State 2 (first visit at t=1): G = 3+4+3+5+2+6 = 23 ✅
State 3 (first visit at t=2): G = 4+3+5+2+6 = 20 ✅
State 5 (t=5): G = 2+6 = 8 ✅

Note: even though state 3 is visited again at t=4 (G=13 at that point), we skip it because t=4 ≠ first_visit_index[3]=2. G continues accumulating though — it reaches 20 by the time we process t=2.

6. Why Does Averaging Returns Converge?

The theoretical guarantee comes from the Law of Large Numbers:

\[\bar{X}_n = \frac{1}{n}\sum_{i=1}^{n}X_i \xrightarrow{n\to\infty} \mathbb{E}[X]\]

Each time the agent visits state $s$ across different episodes, it generates a return $G_i$ drawn from the distribution $p(G \mid s, \pi)$. Since:

Same distribution: same policy $\pi$ + same environment dynamics → $G_i$ are identically distributed
Independent: episodes are independent of each other

The Law of Large Numbers guarantees:

\[V(s) = \frac{1}{n}\sum_{i=1}^{n} G_i \xrightarrow{n\to\infty} \mathbb{E}_\pi[G \mid S_t = s] = V^\pi(s)\]

Intuition with numbers (true value $V^*(s) = 20$, unknown to us):

After episode 1:  G=15  → estimate = 15.0
After episode 2:  G=25  → estimate = 20.0
After episode 3:  G=12  → estimate = 17.3
After episode 4:  G=28  → estimate = 20.0
...
After episode ∞:         → estimate → 20.0 ✅

Required conditions for convergence:

Every state is visited infinitely often (sufficient exploration)
Returns are i.i.d. (fixed policy, stationary environment)
Variance of G is finite (bounded rewards)

MC is essentially replacing an intractable integral with a tractable sample average:

\[\underbrace{\frac{1}{n}\sum_{i=1}^{n}G_i}_{\text{MC estimate}} \approx \underbrace{\mathbb{E}_\pi[G \mid s]}_{\text{true value (integral)}}\]

7. Why Discount Future Rewards?

The discounted return is defined as:

\[G_t = \sum_{k=0}^{\infty} \gamma^k R_{t+k+1}, \quad \gamma \in [0, 1)\]

There are four independent justifications for this formulation:

📐 Mathematical: Guaranteeing Convergence

Without discounting ($\gamma = 1$), infinite-horizon returns can diverge:

\[G_t = R_{t+1} + R_{t+2} + \cdots = \infty\]

With $\gamma < 1$ and bounded rewards $

\leq R_{\max}$:

\[|G_t| \leq \frac{R_{\max}}{1 - \gamma} < \infty\]

💰 Economic: Time Value of Money

Directly borrowed from finance. A dollar today is worth more than a dollar tomorrow because today’s dollar can be invested. The discount rate $1 - \gamma$ plays the role of the interest rate. Future rewards are “less valuable” because they are less certain.

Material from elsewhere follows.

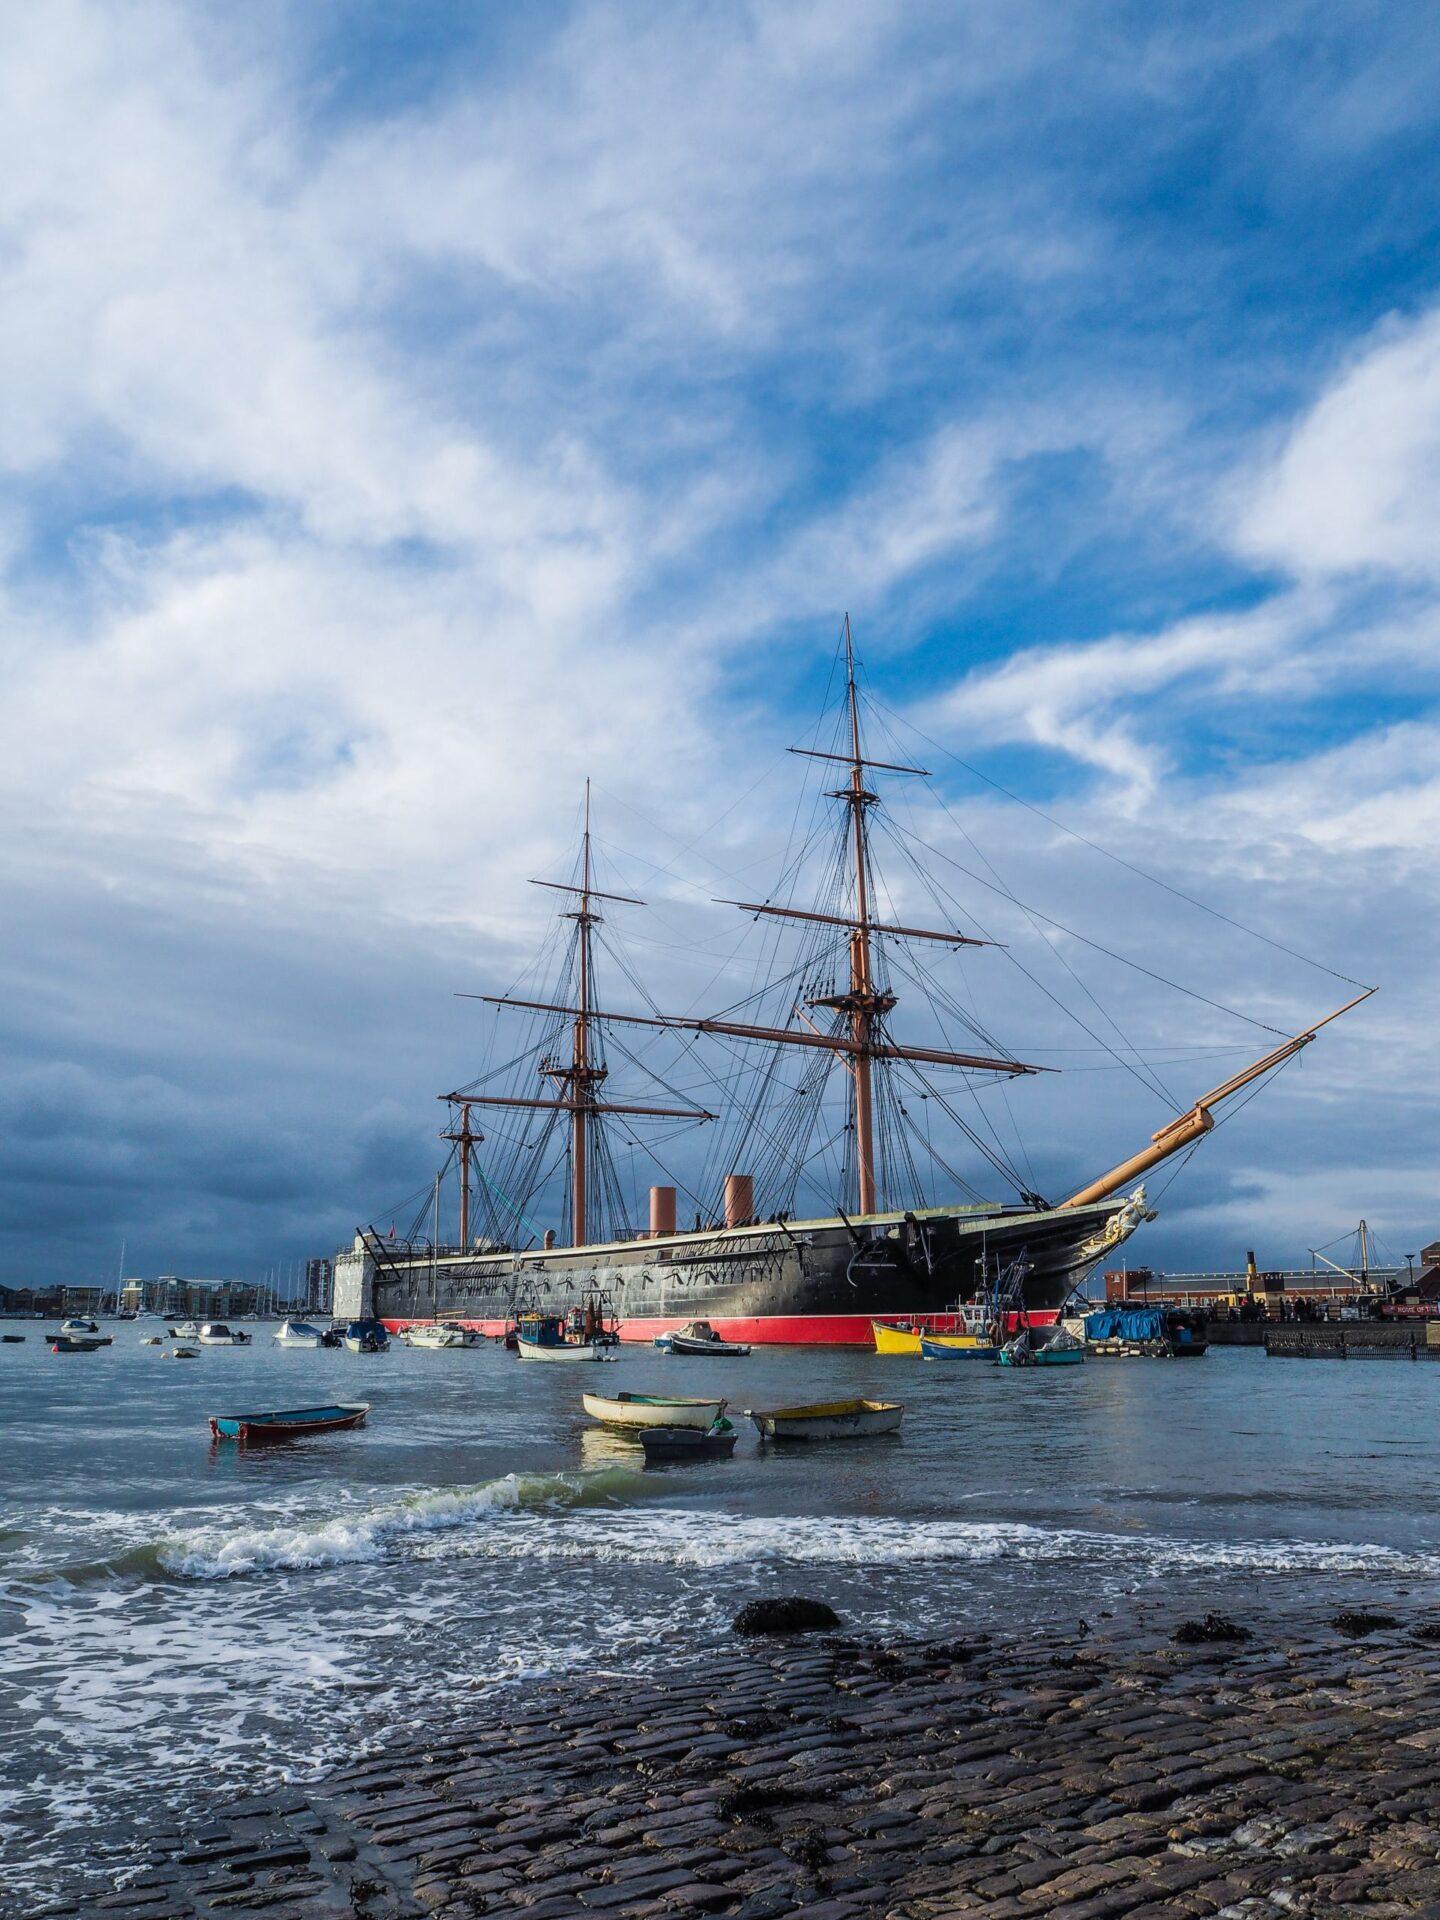 HMS Warrior - Victorian Festival of Christmas at Portsmouth Historic Dockyard

🎲 Probabilistic: Modeling Uncertainty

$\gamma$ can be interpreted as the probability that the episode continues to the next step:

\[\gamma = P(\text{episode continues})\]

With a $(1 - \gamma)$ chance of termination at every step, the expected contribution of a reward $k$ steps in the future is naturally $\gamma^k R_{t+k+1}$.

🧠 Behavioral: Biological Time Preference

Psychological experiments consistently show that animals (including humans) prefer immediate rewards. The classical pigeon experiment: given a choice between 1 food pellet now vs. 3 pellets in 10 seconds, pigeons often choose the immediate reward. $\gamma$ quantifies this temporal preference:

$\gamma$	Behavior
0.0	Completely myopic — only cares about immediate reward
0.9	10-step future reward weighted at $0.9^{10} \approx 0.35$
0.99	100-step future reward weighted at $0.99^{100} \approx 0.37$
1.0	Fully far-sighted — all future rewards equal weight

Summary

Concept	Key Takeaway
Motivation	Sampling from a distribution is often feasible even when the distribution has no closed form
MC applicability	Works when target distribution is known; fails when it must be learned
First-visit vs every-visit	First-visit: only count the return from the first time a state appears per episode
Common bug	Backward loop + running `visited_states` set checks future steps, not past ones
$R_{t+1}$ vs $R_t$	The reward in $(S_t, A_t, R_{t+1})$ is earned by leaving $S_t$, not entering it
Convergence	Law of Large Numbers: sample mean → true expectation as $n \to \infty$
Discounting	Mathematical necessity + economic intuition + probabilistic uncertainty + biological preference

The philosophy of Monte Carlo: You don’t need a model of the world. You just need enough experience. Statistical regularity will emerge.